Some Chinese venture capital institutions investing in Africa mentioned that the catering digitalization and logistics and transportation enterprises they invested in have a huge demand for Chinese hardware, such as POS devices for programming payments. They will help African founders contact manufacturers and suppliers and coordinate supporting software, which can greatly reduce operating costs. African entrepreneurs also emphasized that 

Chinese investors can connect African technology companies with more low-cost, high-quality hardware and software suppliers, which not only lowers the threshold for entrepreneurship, but also provides a material basis for Africa's digital transformation.
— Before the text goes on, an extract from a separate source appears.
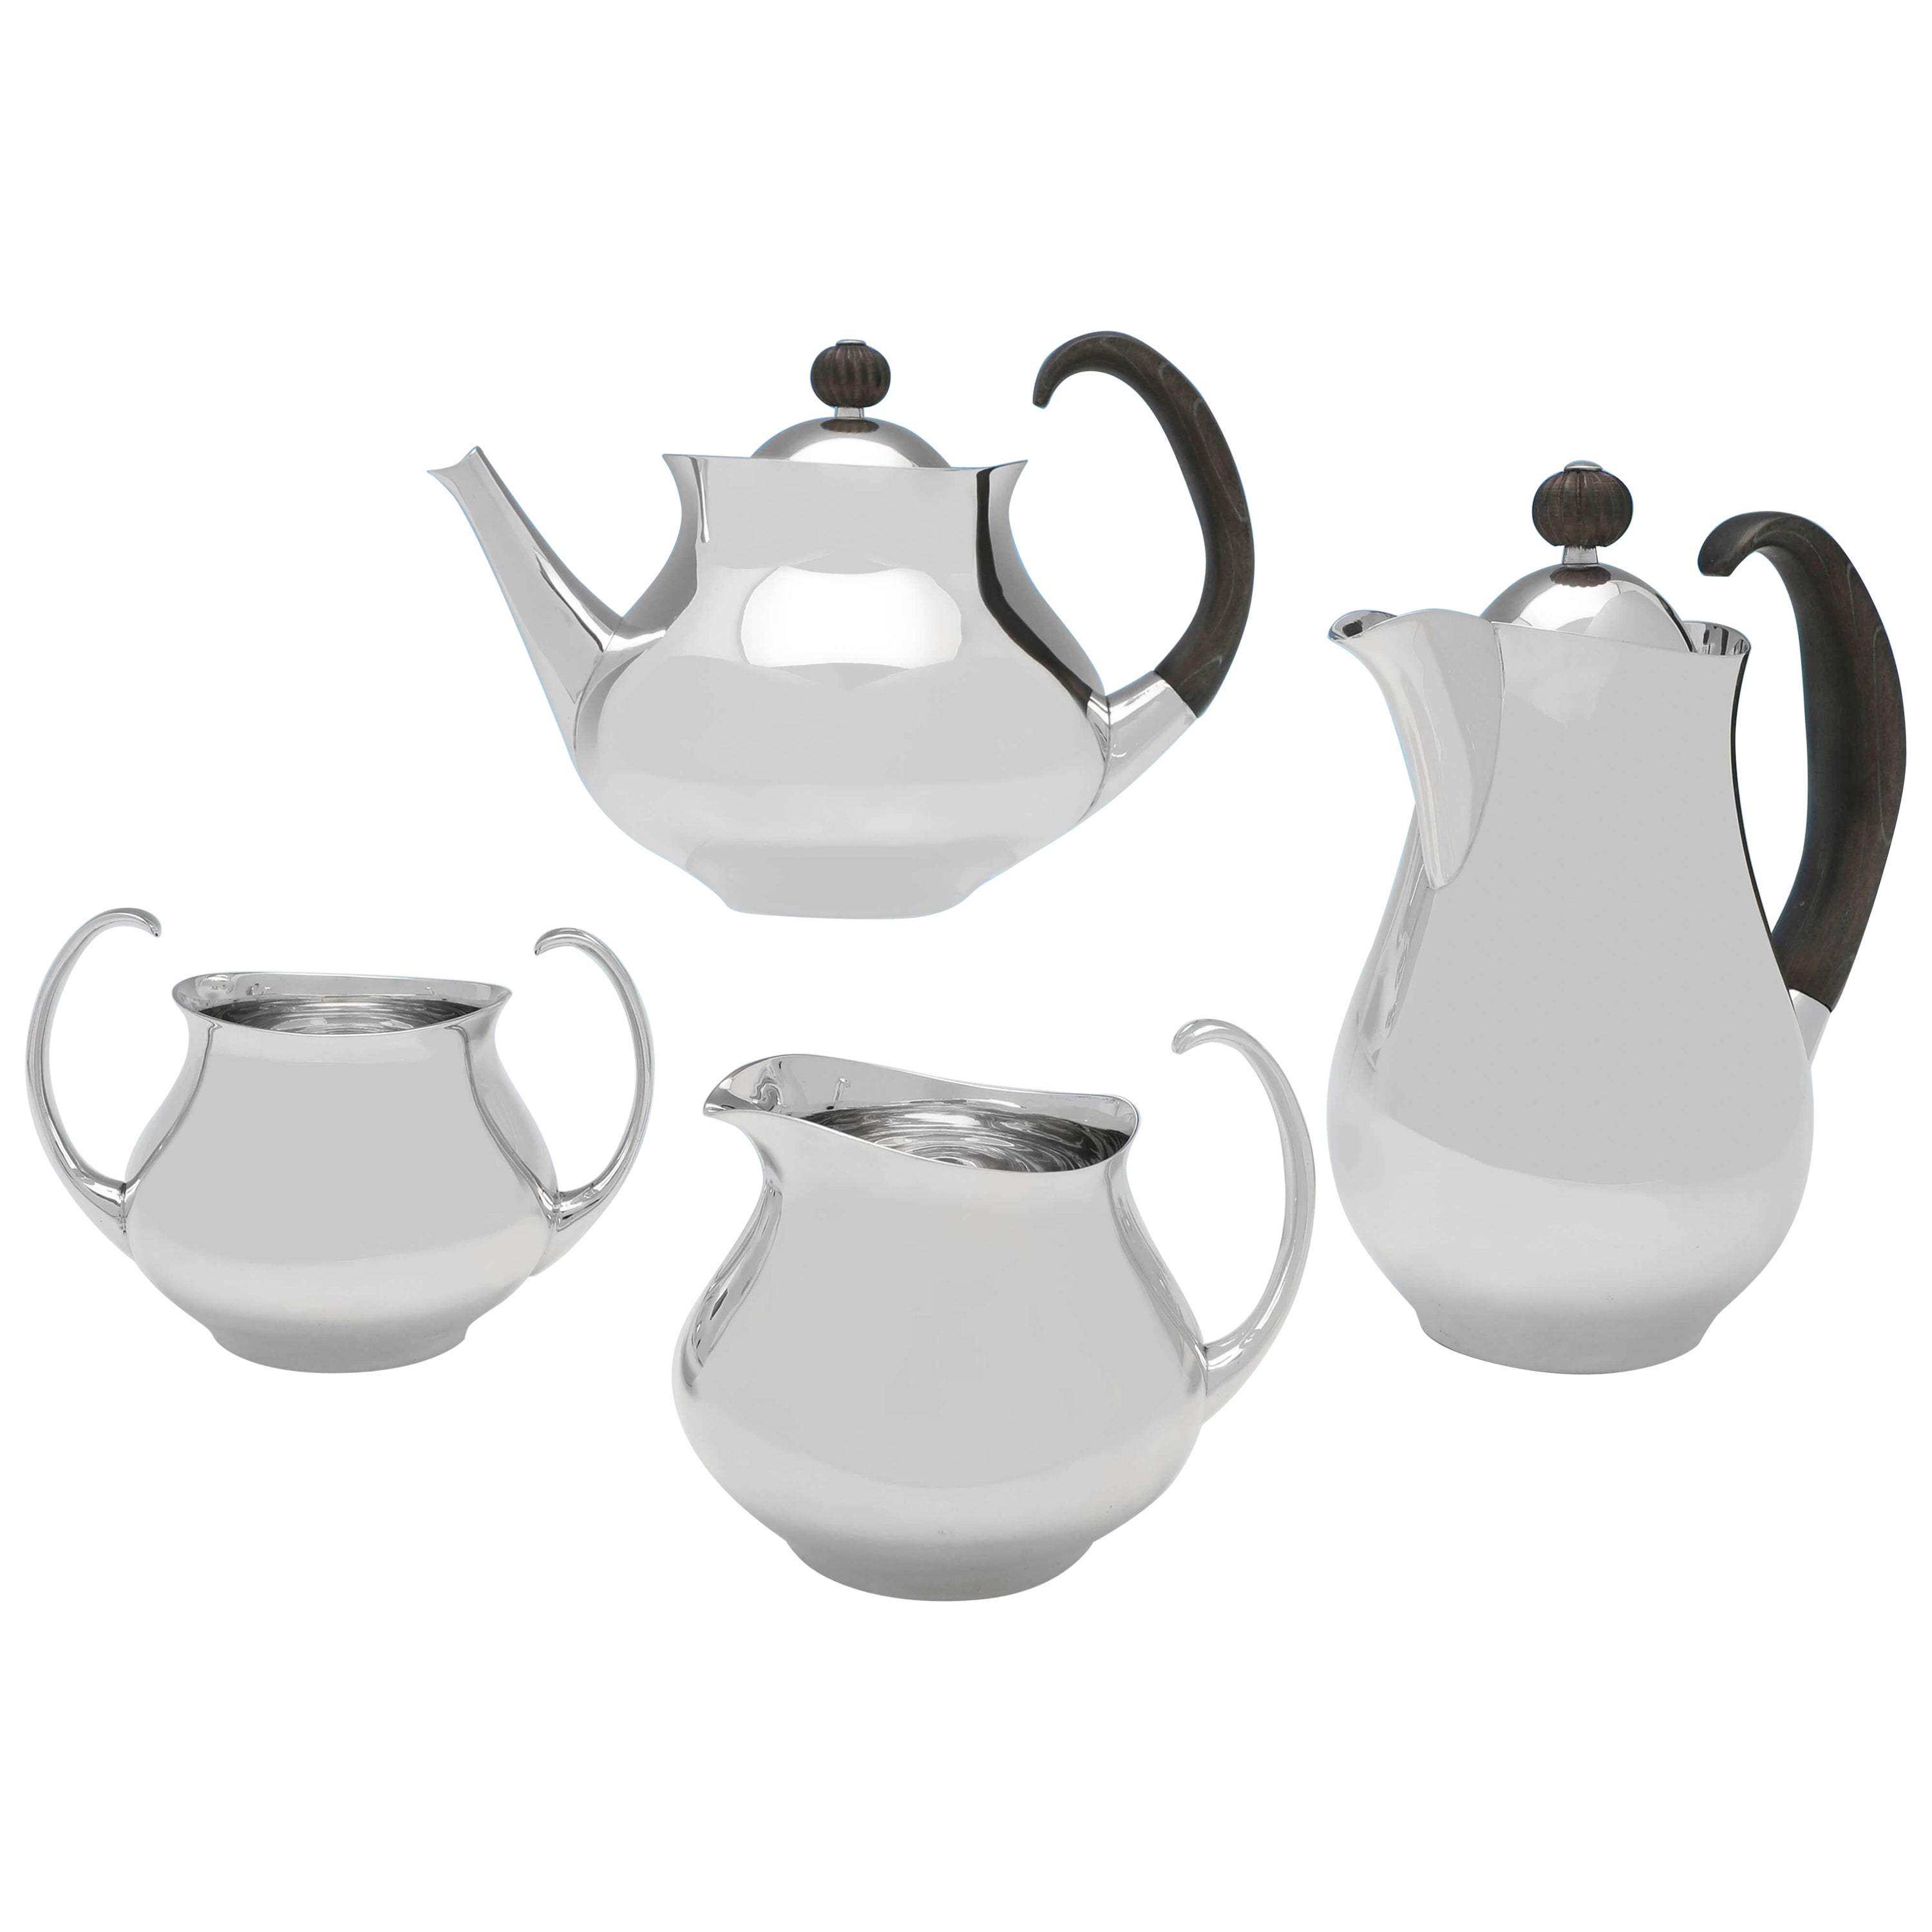 Clements Tea Service, Sterling Silver, 1964, Scandinavian Modern Design For Sale

This reminds me of an exchange activity for African entrepreneurs in China organized by Chinese companies. Most of the entrepreneurs had their own WeChat accounts within three days of arriving in China, and began to share their entrepreneurial stories and thoughts about China in WeChat groups. In fact, for African founders, compared with China, they are more familiar with North American education, as they generally receive elite education in Europe and the United States. However, once they arrived in China, African business founders discovered that, unlike the gray Chinese cities captured by foreign media such as BBC and CNN, cities such as Shenzhen, Hangzhou, and Beijing are full of vitality: from cashless payment that only requires a mobile phone QR code to 30-minute takeout, electric cars running all over the streets, from automated manufacturing industrial zones to brightly lit high-tech parks, China's lifestyle, economic operation, and efficient interpersonal communication have made them discover "another China."
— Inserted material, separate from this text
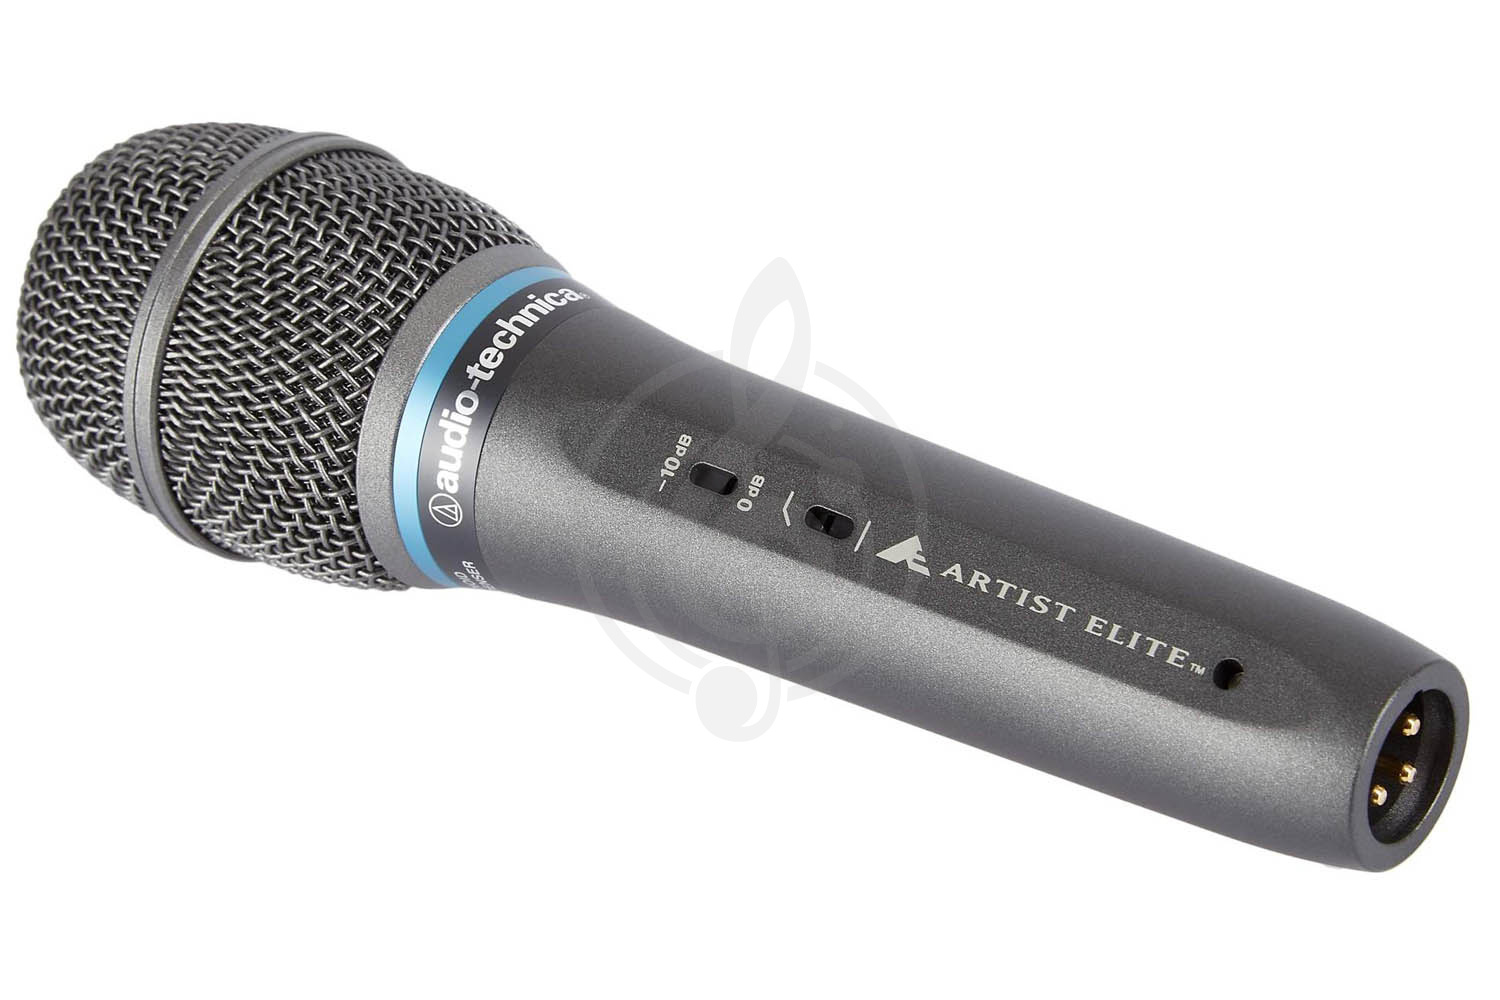 Конденсаторный вокальный микрофон Конденсаторные вокальные микрофоны AUDIO-TECHNICA Audio-technica AE3300 - вокальный электретный конденсаторный микрофон AE3300 - фото 1

In the future, African technological innovation needs to be localized

Venture capital is a game of high stakes, and there is still a power game between entrepreneurs and investors. Investors from the United States and China often hope that African entrepreneurs can directly copy the successful models of Silicon Valley and other regions, so that companies can quickly expand and occupy the market, usher in joint ventures and mergers and acquisitions, and investors can withdraw from the game. However, for founders and even the African continent, the side effect of this game rule is to sacrifice the long-term development of Africa's science and technology innovation ecosystem.

African founders have long recognized the drawbacks of “copy-paste”. 
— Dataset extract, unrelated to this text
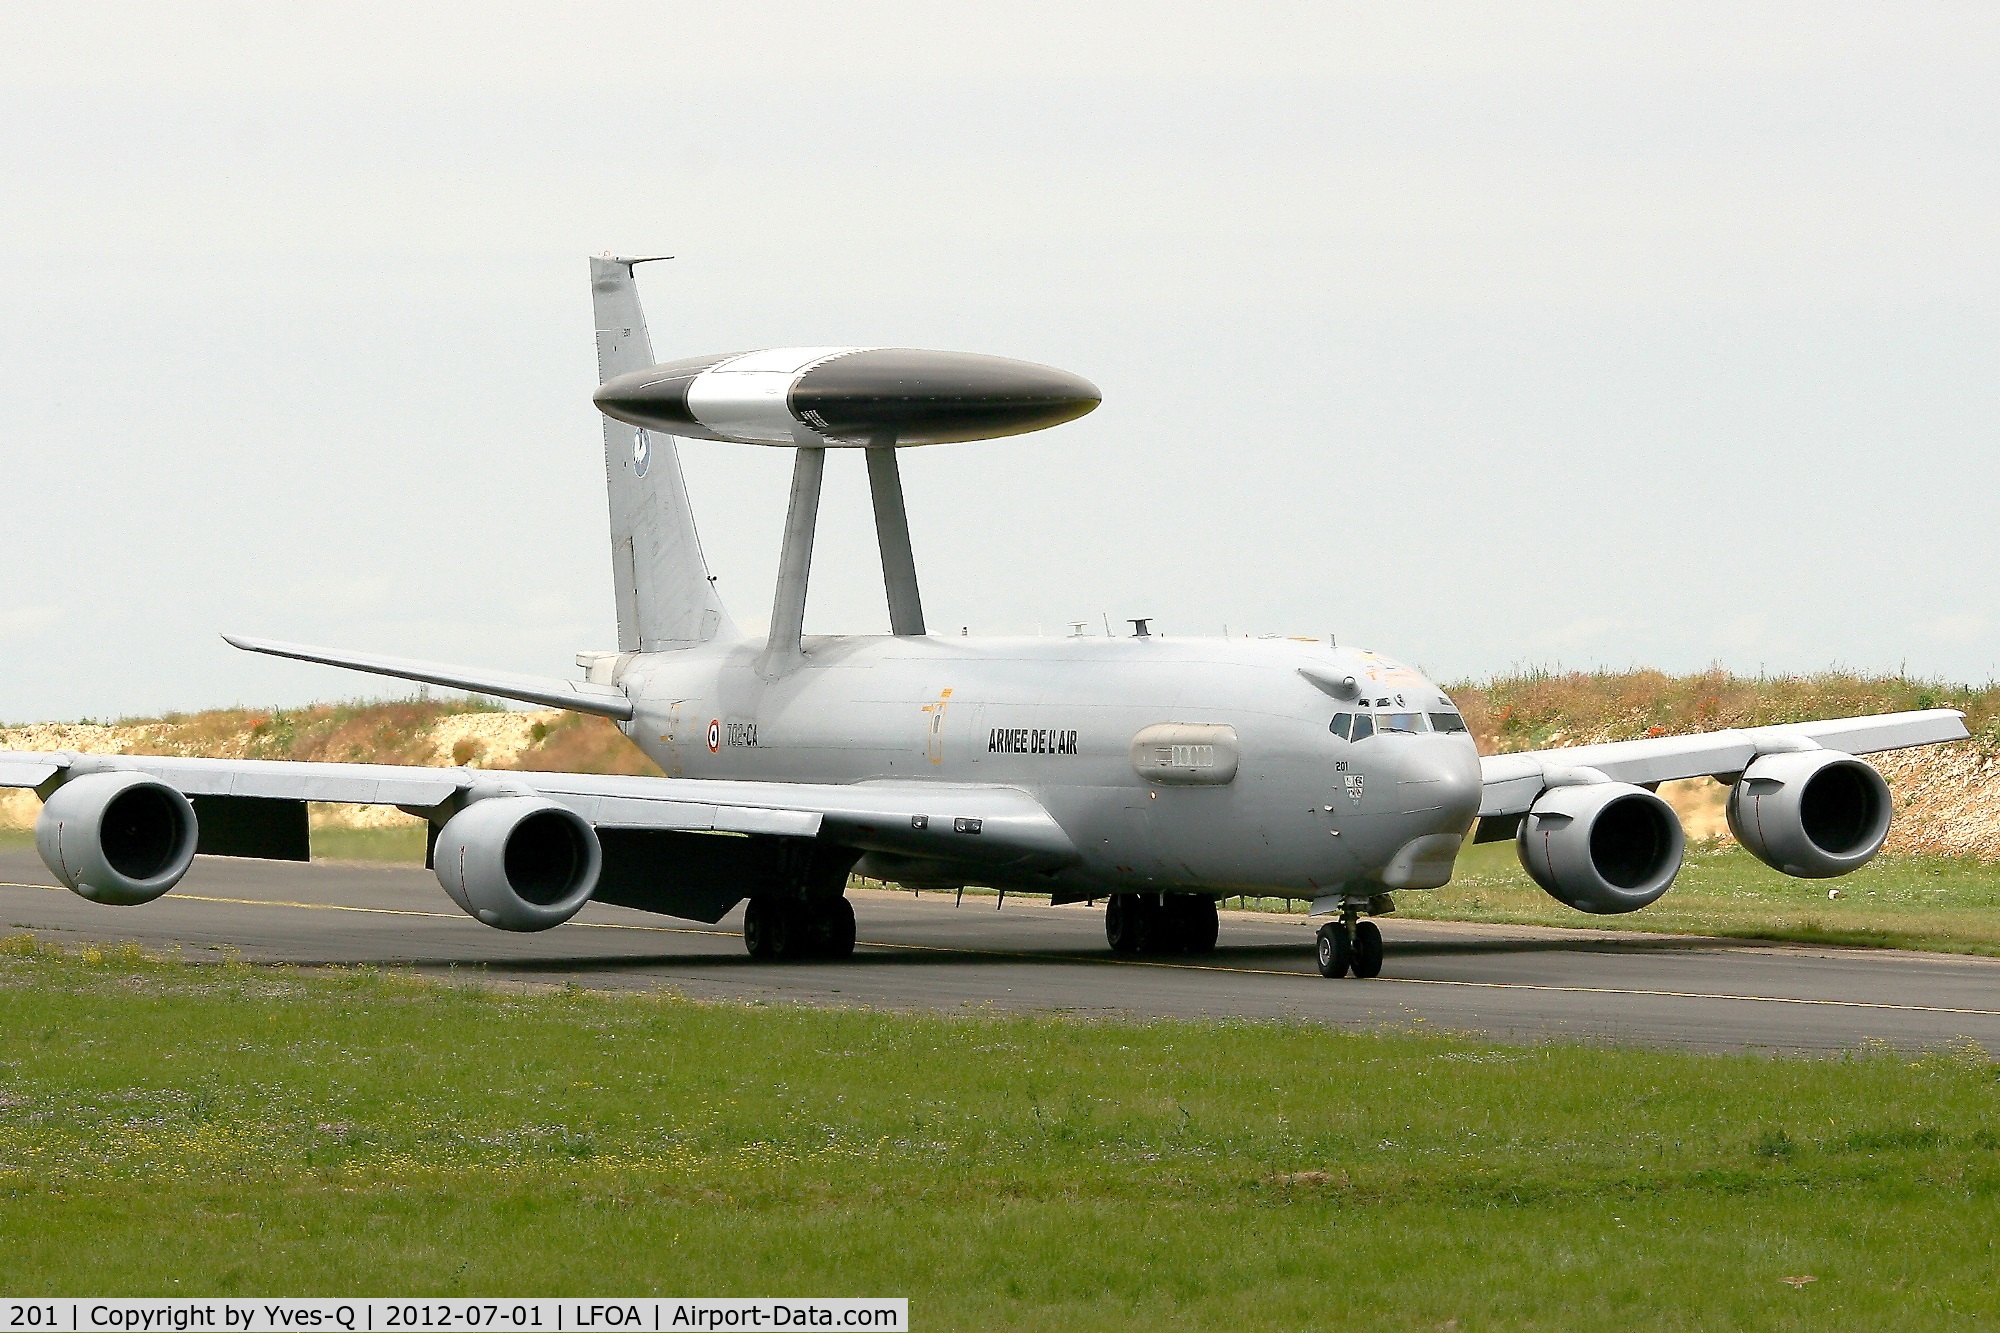 201, 1990 Boeing E-3F Sentry C/N 24115, French Air Force Boing E-3F SDCA, Avord Air Base 702 (LFOA)  Air Show in june 2012

At a China-Africa venture capital roundtable, all speakers from Africa directly pointed out that the Silicon Valley model and the Chinese experience are not suitable for Africa. Kayode Adeyinka, founder of the African travel platform Gigmile, emphasized: “Africa is made up of 54 countries with 54 different sets of laws, regulations, market conditions and social rules, and foreign investors and entrepreneurs often conceptualize and simplify Africa.”

Nadayar Enegesi, a serial entrepreneur from Nigeria, also believes that investors from the United States, Europe and China expect to complete communication, invest and make a big move within 5 minutes, but in fact investors need to communicate with entrepreneurs more sincerely, delve into the reality of Africa and solve real problems.

Aggrey Nyondwa from Ghana, who works at the 100x Impact Accelerator in the UK, also believes that: "We still need to change the situation where Western investors dominate (investment and development of African companies). We are pleased to see that some small-scale Chinese venture capital companies have begun to focus on local African companies and participate in the wave of technological innovation in Africa with a more sincere attitude.

In this context, we can expect that humble Chinese investors, together with potential African entrepreneurs, will help Africa find its own voice and position in the tide of digitalization and technological innovation, and move towards a more equal and sustainable future.